### GIVEN INFORMATION
──────────

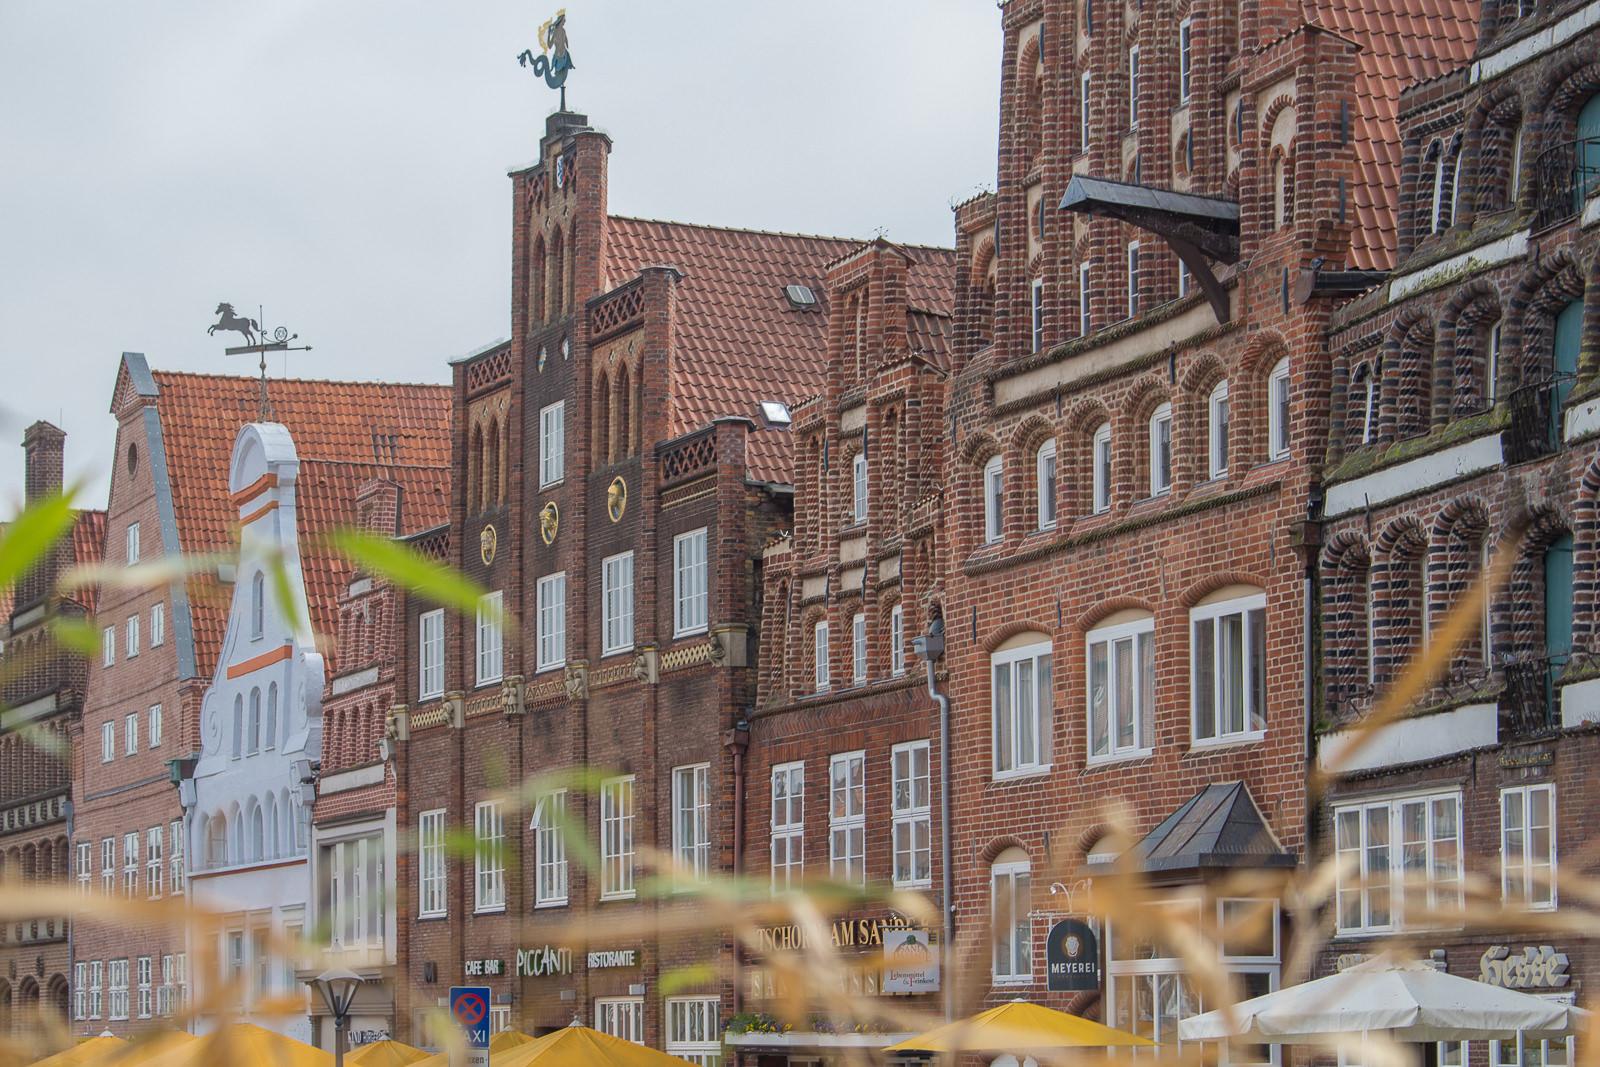 Lüneburger Heide, Tee, Lueneburg, Lüneburg
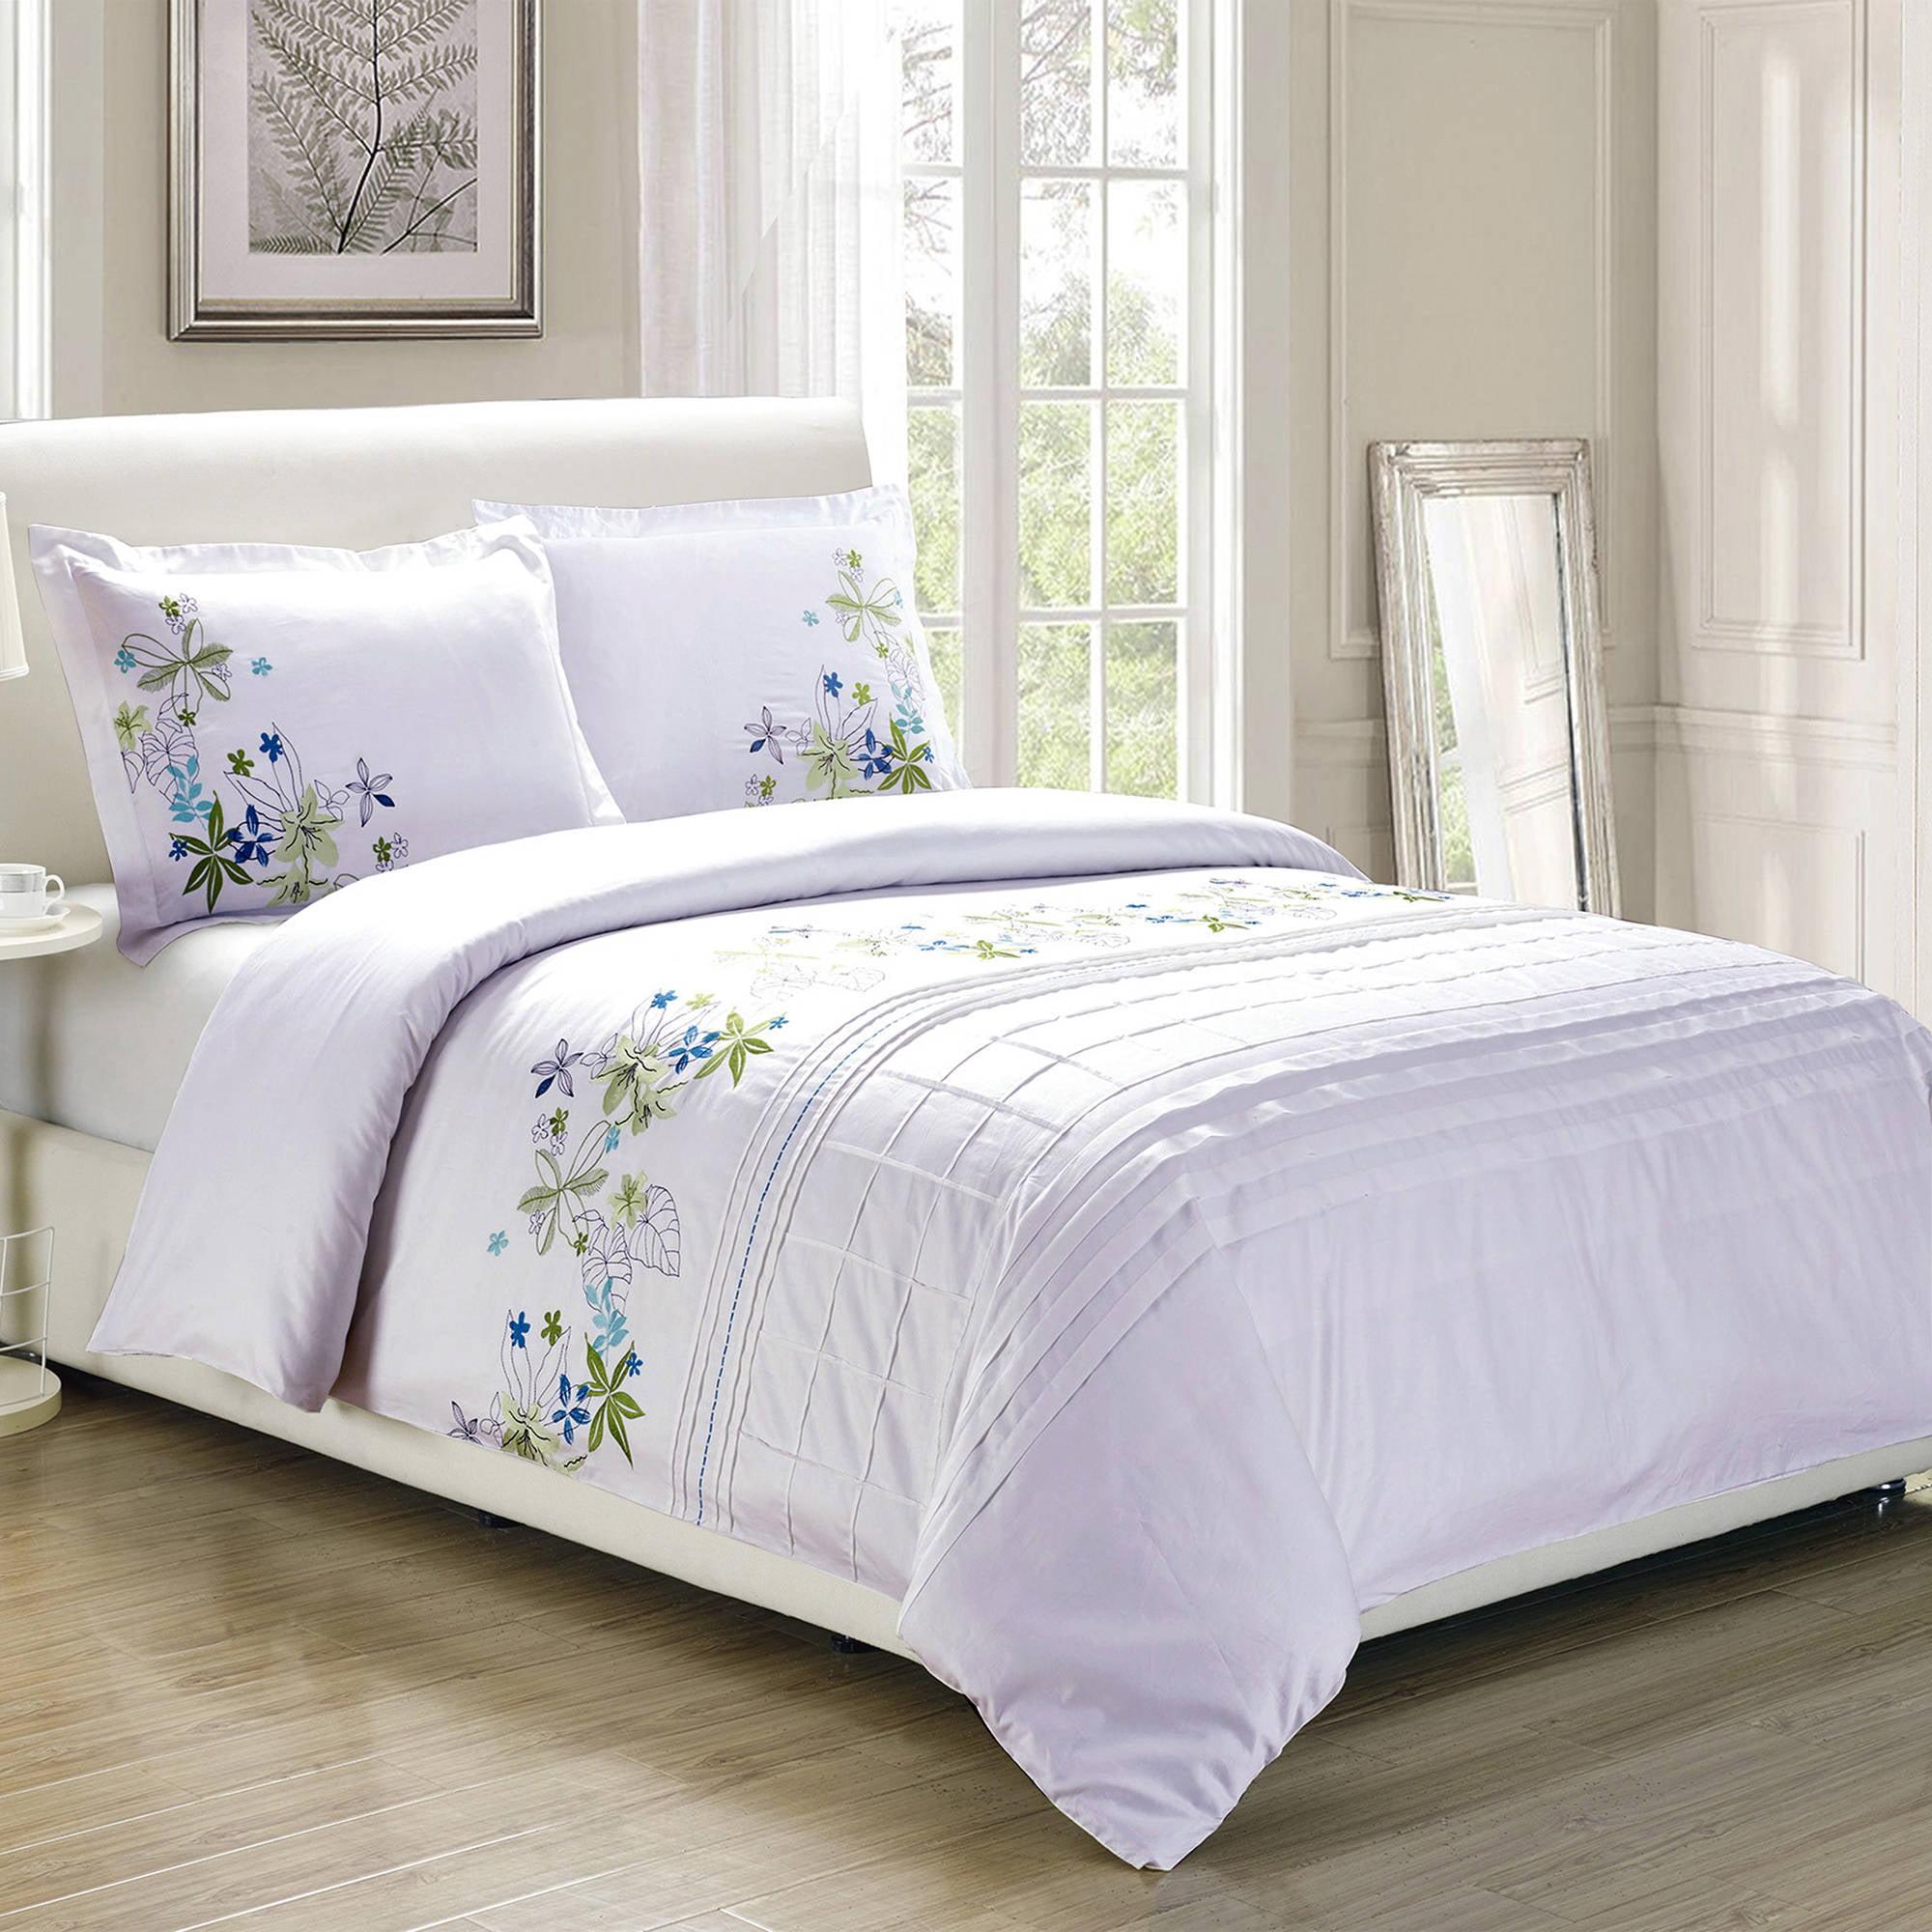 Superior Spring Blooms Premium Cotton Twill Fabric Embroidered Duvet Cover Set
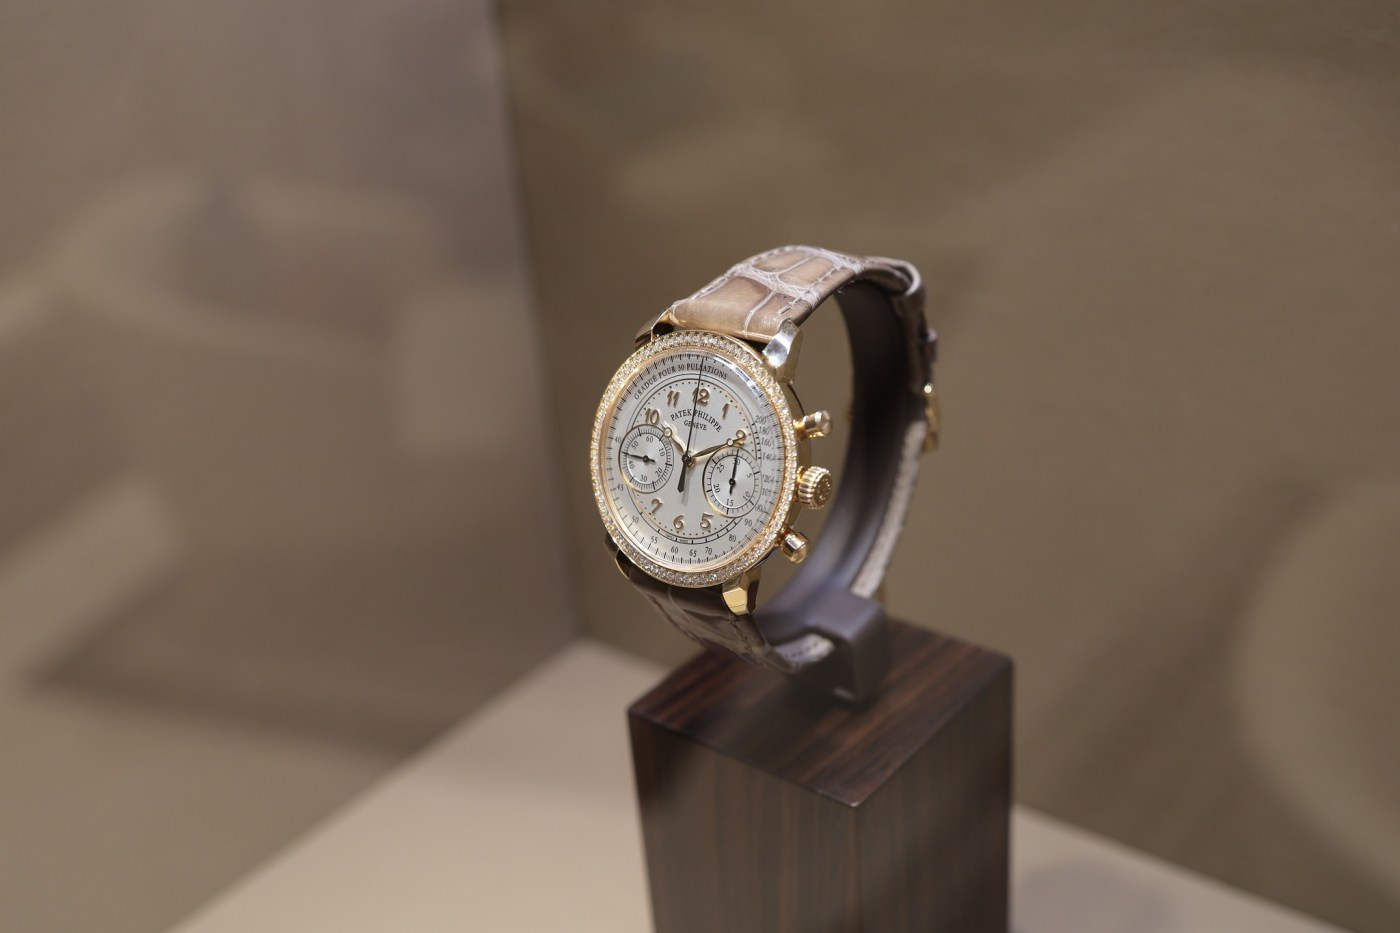 Patek Philippe 7150-250R Chronograph, $83,919
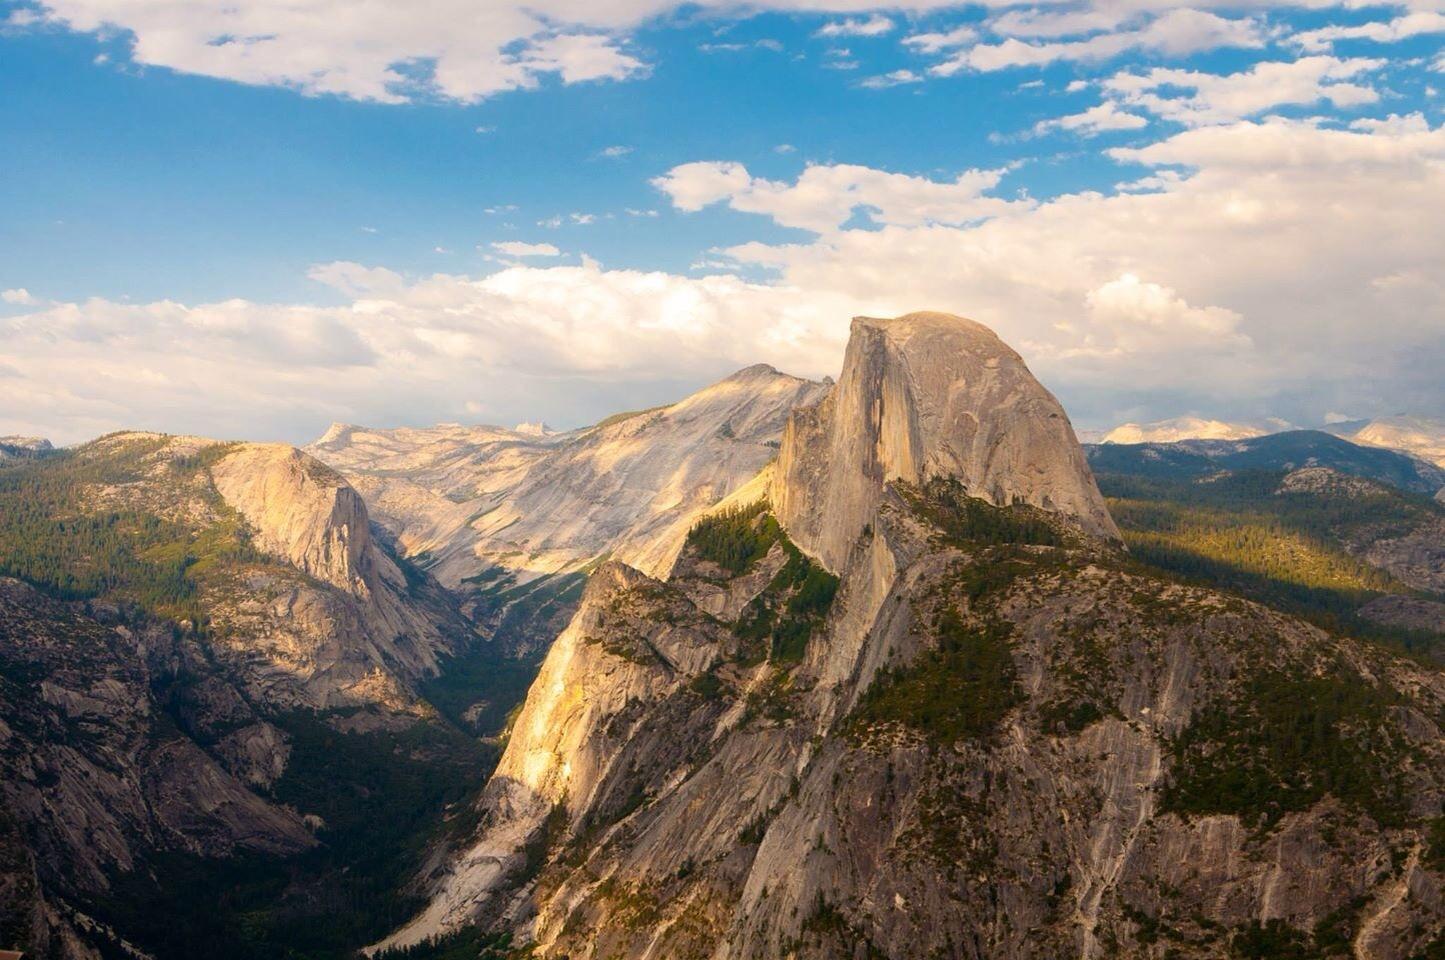 Overlooking Yosemite national park, CA by Ben Karpinski

──────────

### GOAL OF THE EXERCISE
A word-for-word repeat of the lines from the line with "Superior Spring Blooms" to the last line of the data, both ends included and pictures left out, is all that should appear.

### RESULT
 Superior Spring Blooms Premium Cotton Twill Fabric Embroidered Duvet Cover Set
 Patek Philippe 7150-250R Chronograph, $83,919
 Overlooking Yosemite national park, CA by Ben Karpinski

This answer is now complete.